→ Information given
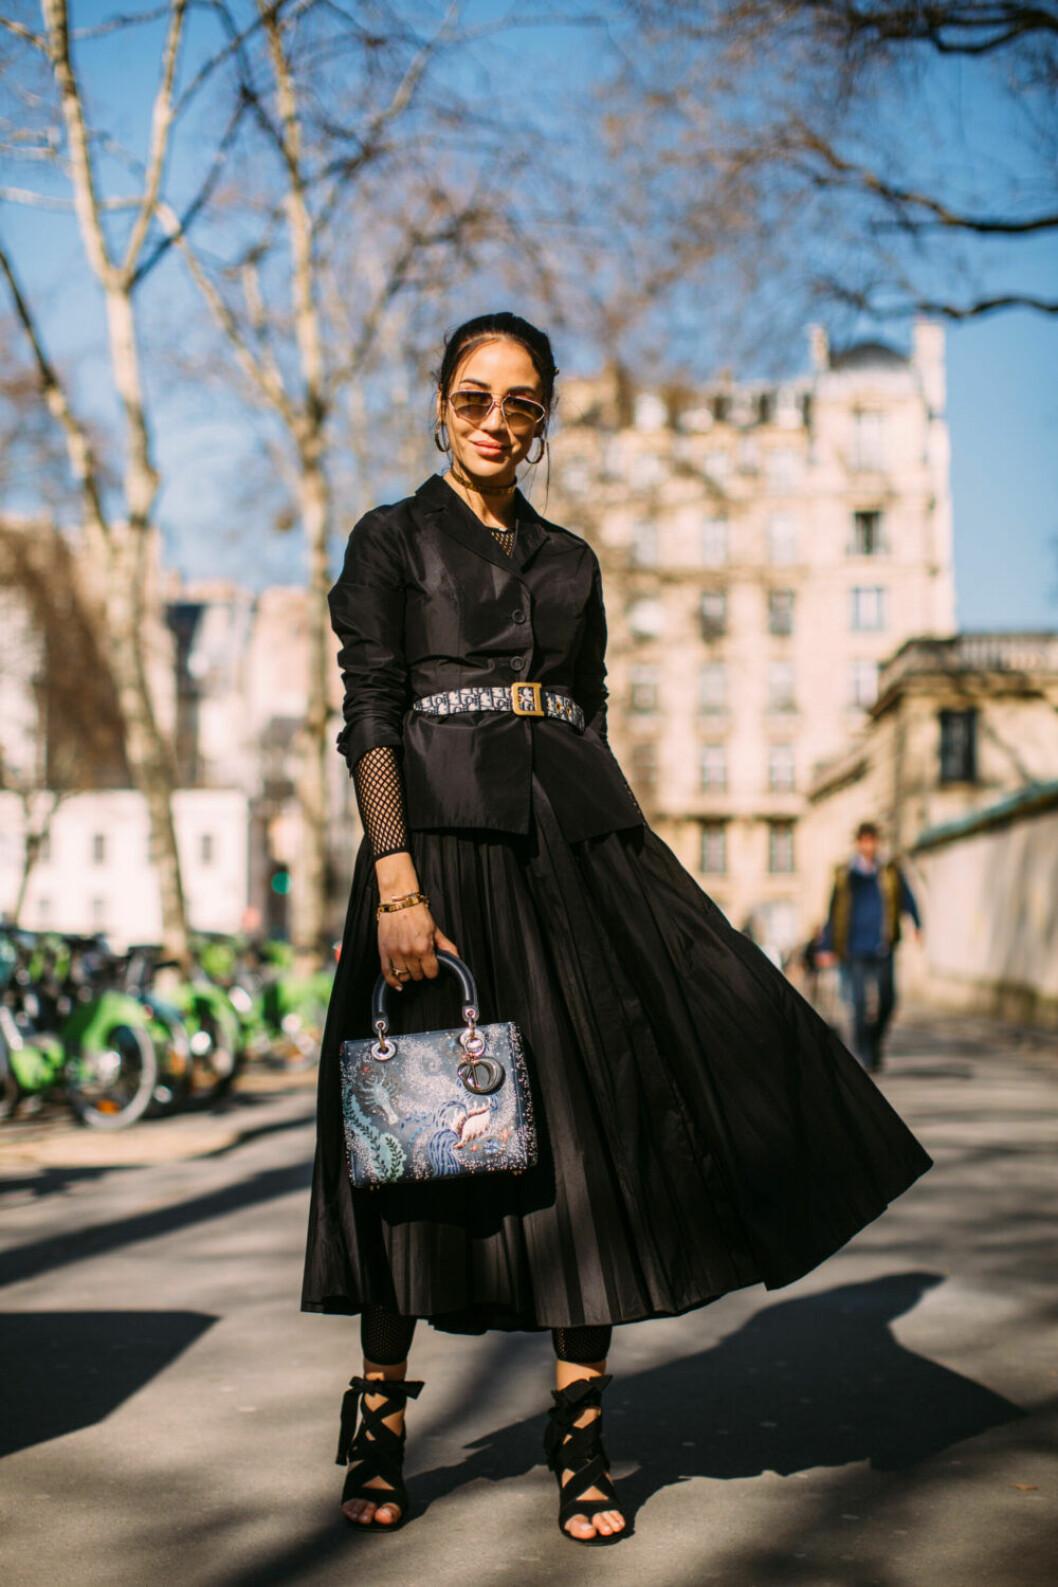 Streetstyle Paris FW, Tamara Kalinic.
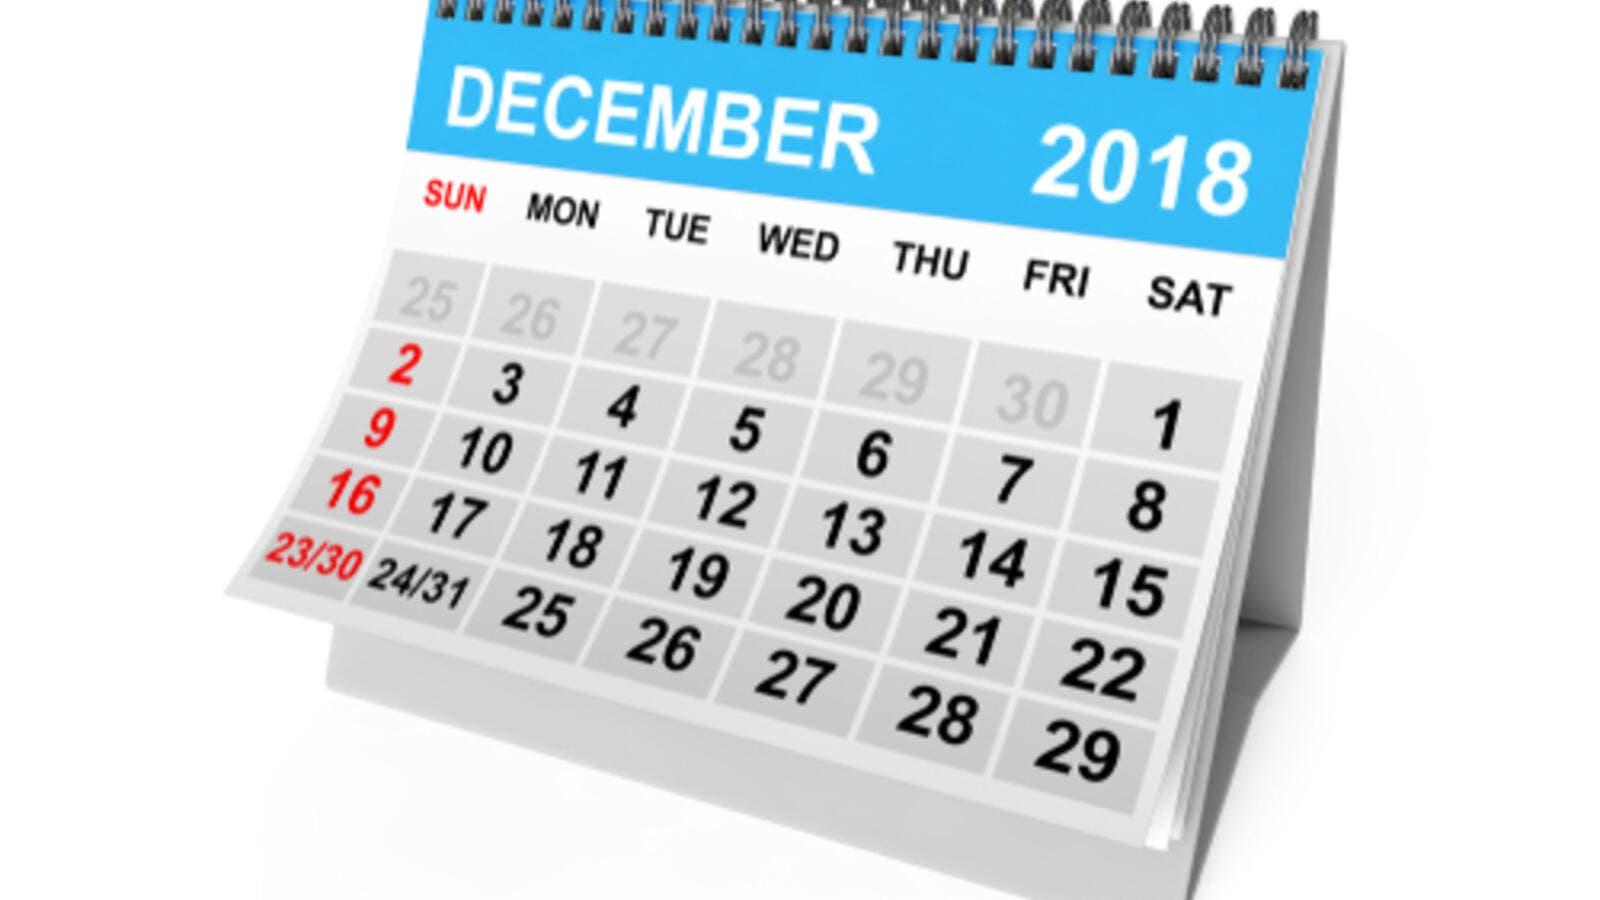 54d6b0adc623b توقعات الأبراج لشهر كانون الأول  ديسمبر 2018 من ماغي فرح
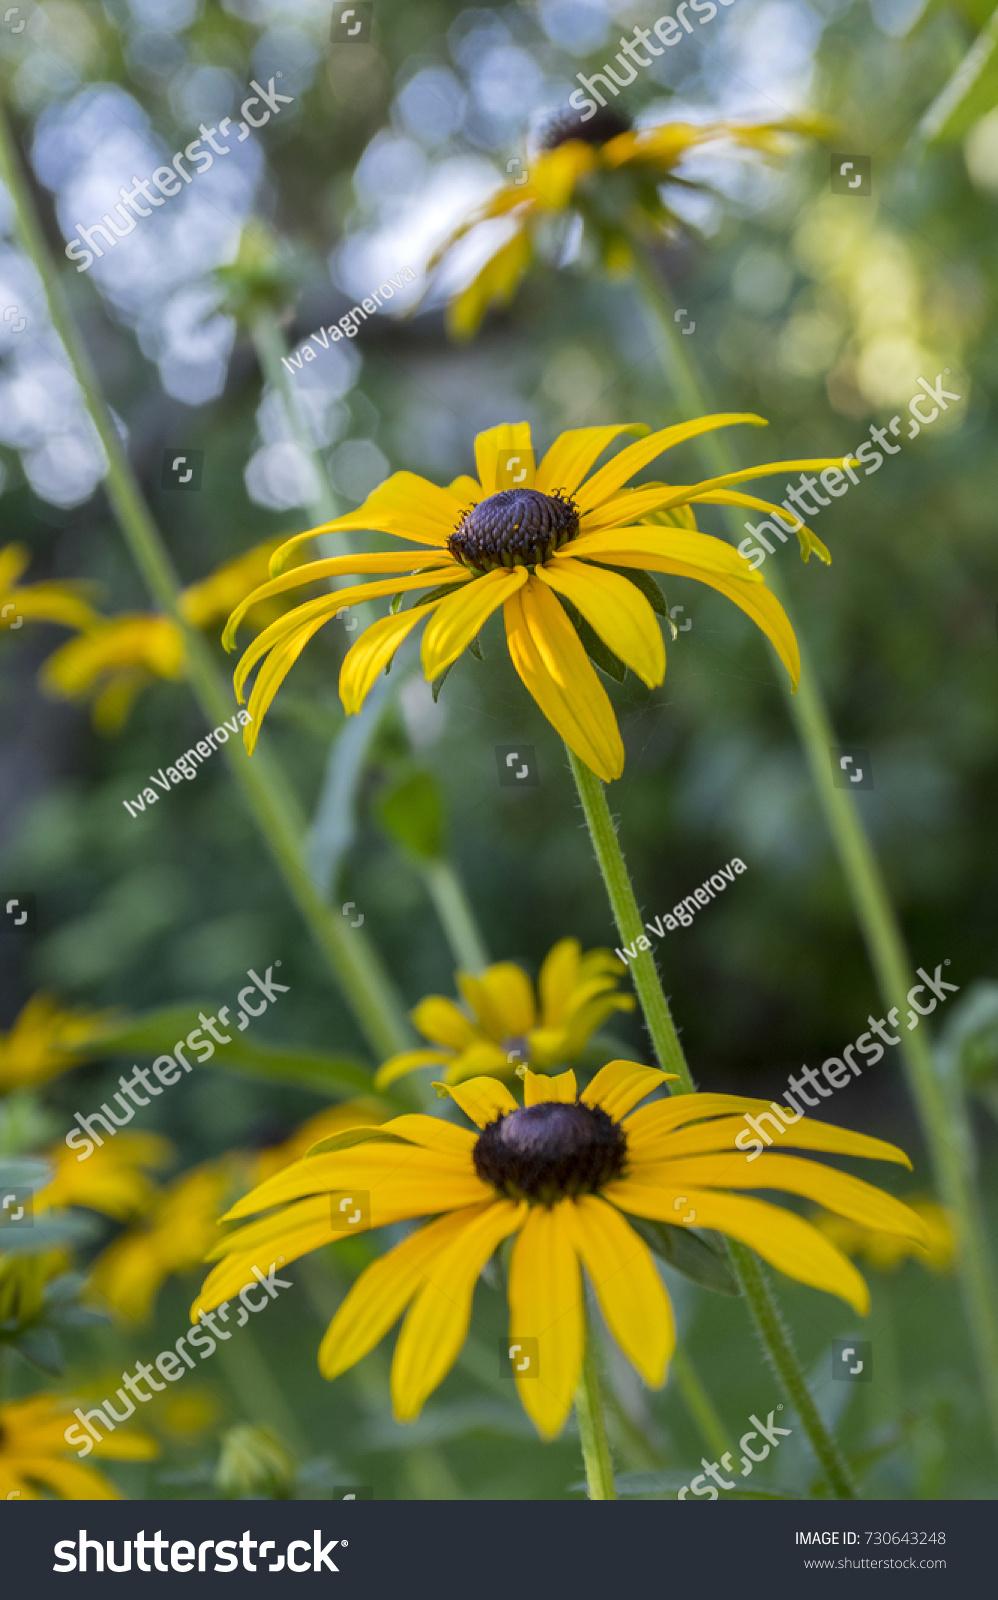 Rudbeckia hirta yellow flower with black brown centre in bloom rudbeckia hirta yellow flower with black brown centre in bloom black eyed susan in the garden ez canvas mightylinksfo
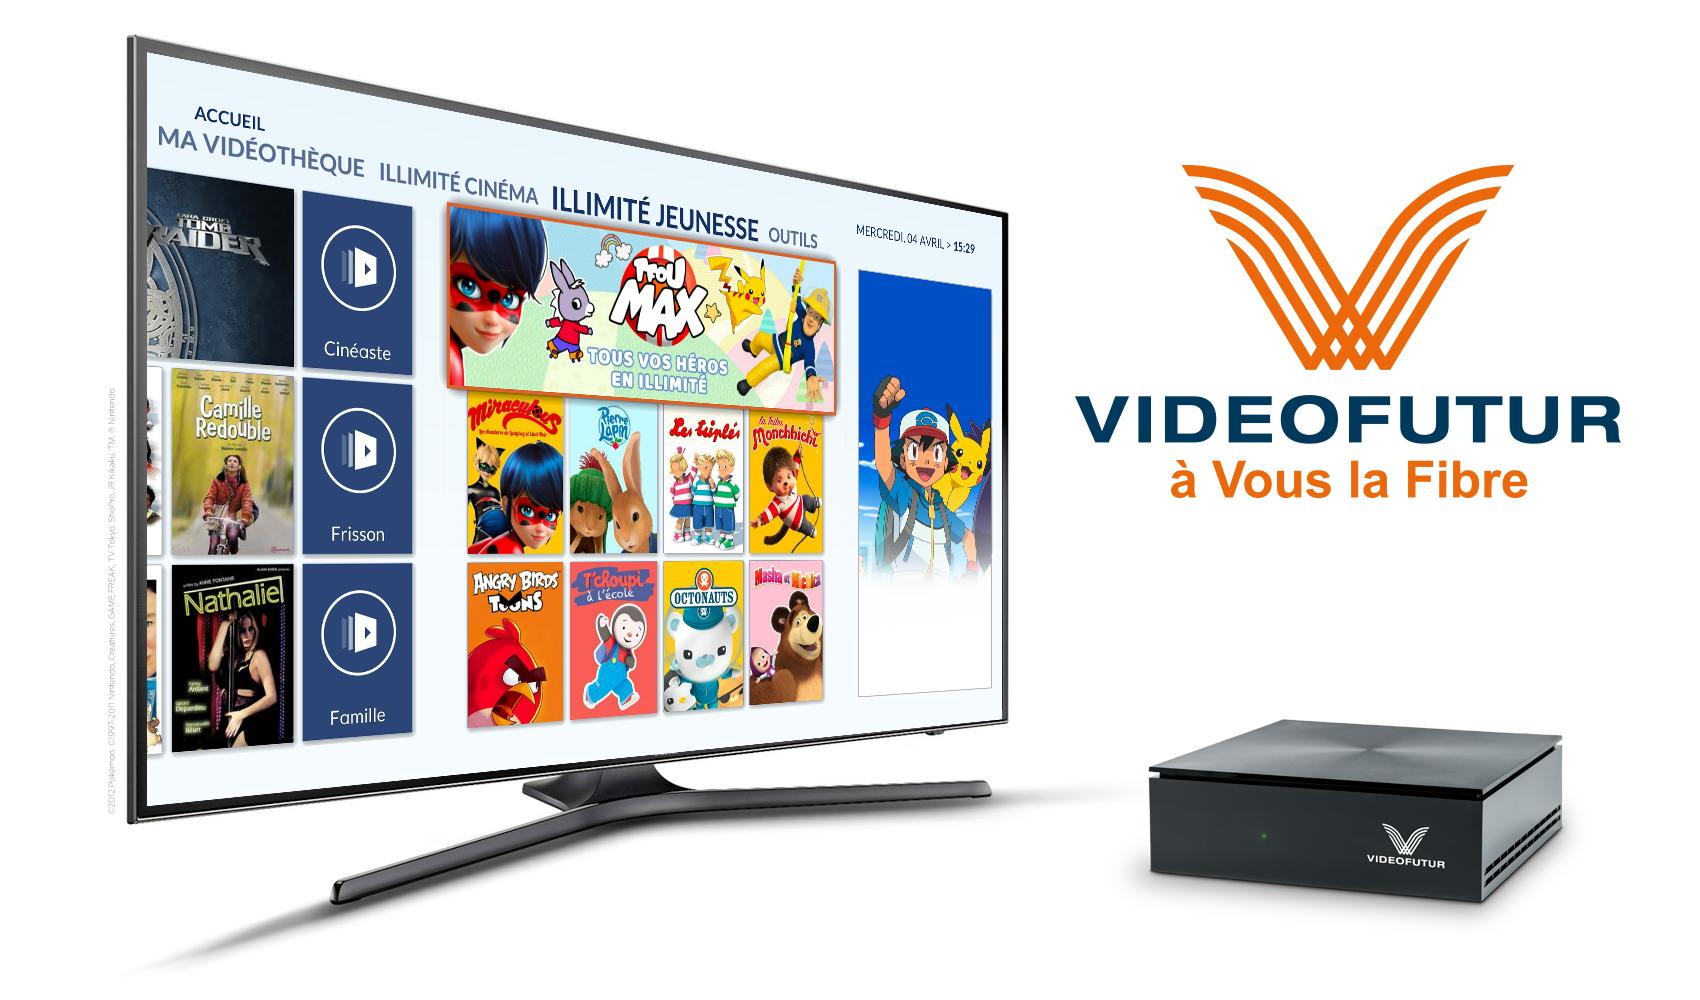 TFOU MAX inclus dans l'offre Fibre de Videofutur
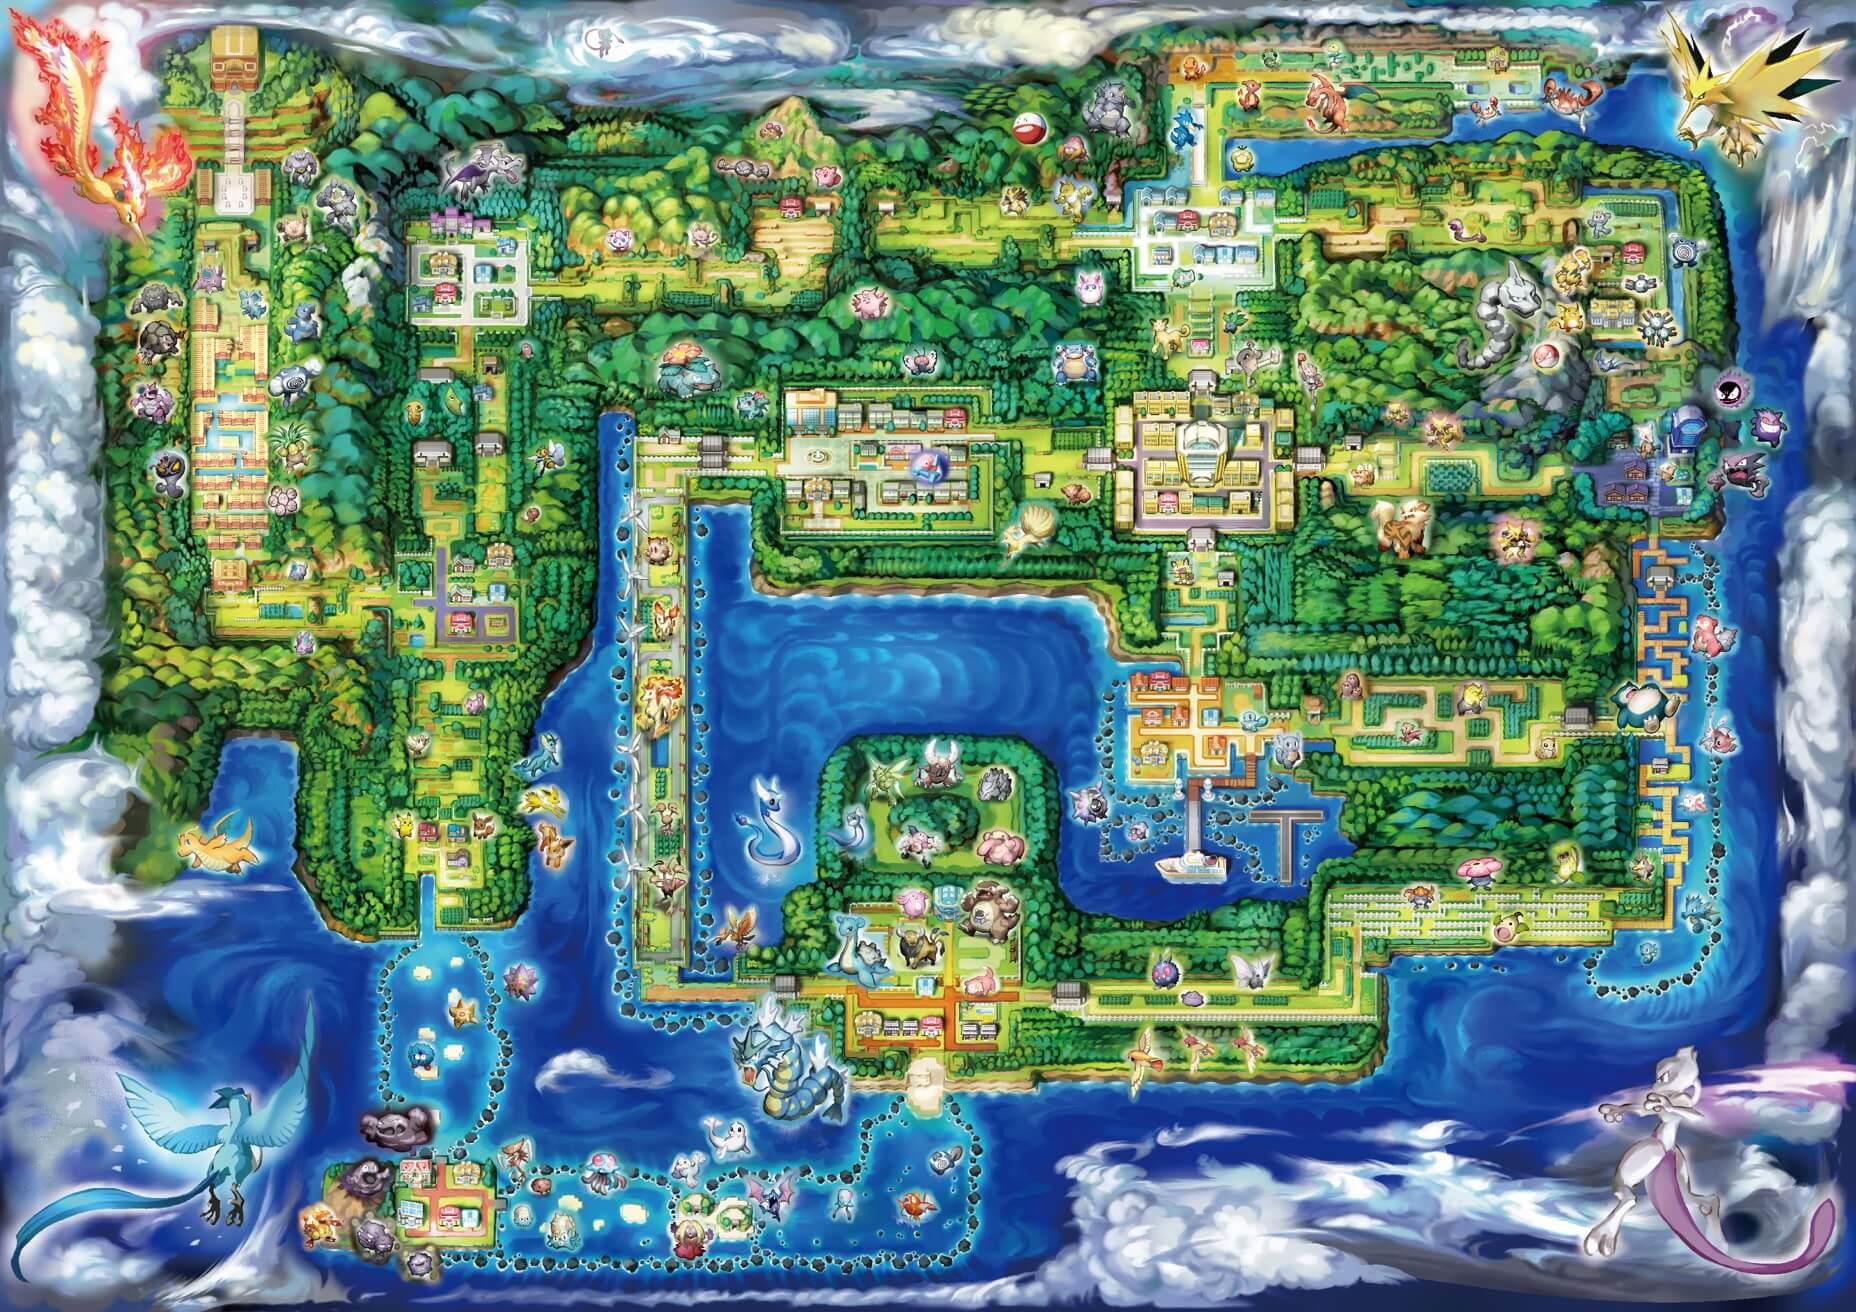 Pokémon: Let's Go, Pikachu/Eevee! |OT| One Step Forward, Six

→ Aim of the task
Working down from the line with "TFOU MAX inclus", copy each line exactly until the last line of the entries, which is also included. Omit the pictures.

→ Answer to this task
 TFOU MAX inclus dans l'offre Fibre de Videofutur
 Pokémon: Let's Go, Pikachu/Eevee! |OT| One Step Forward, Six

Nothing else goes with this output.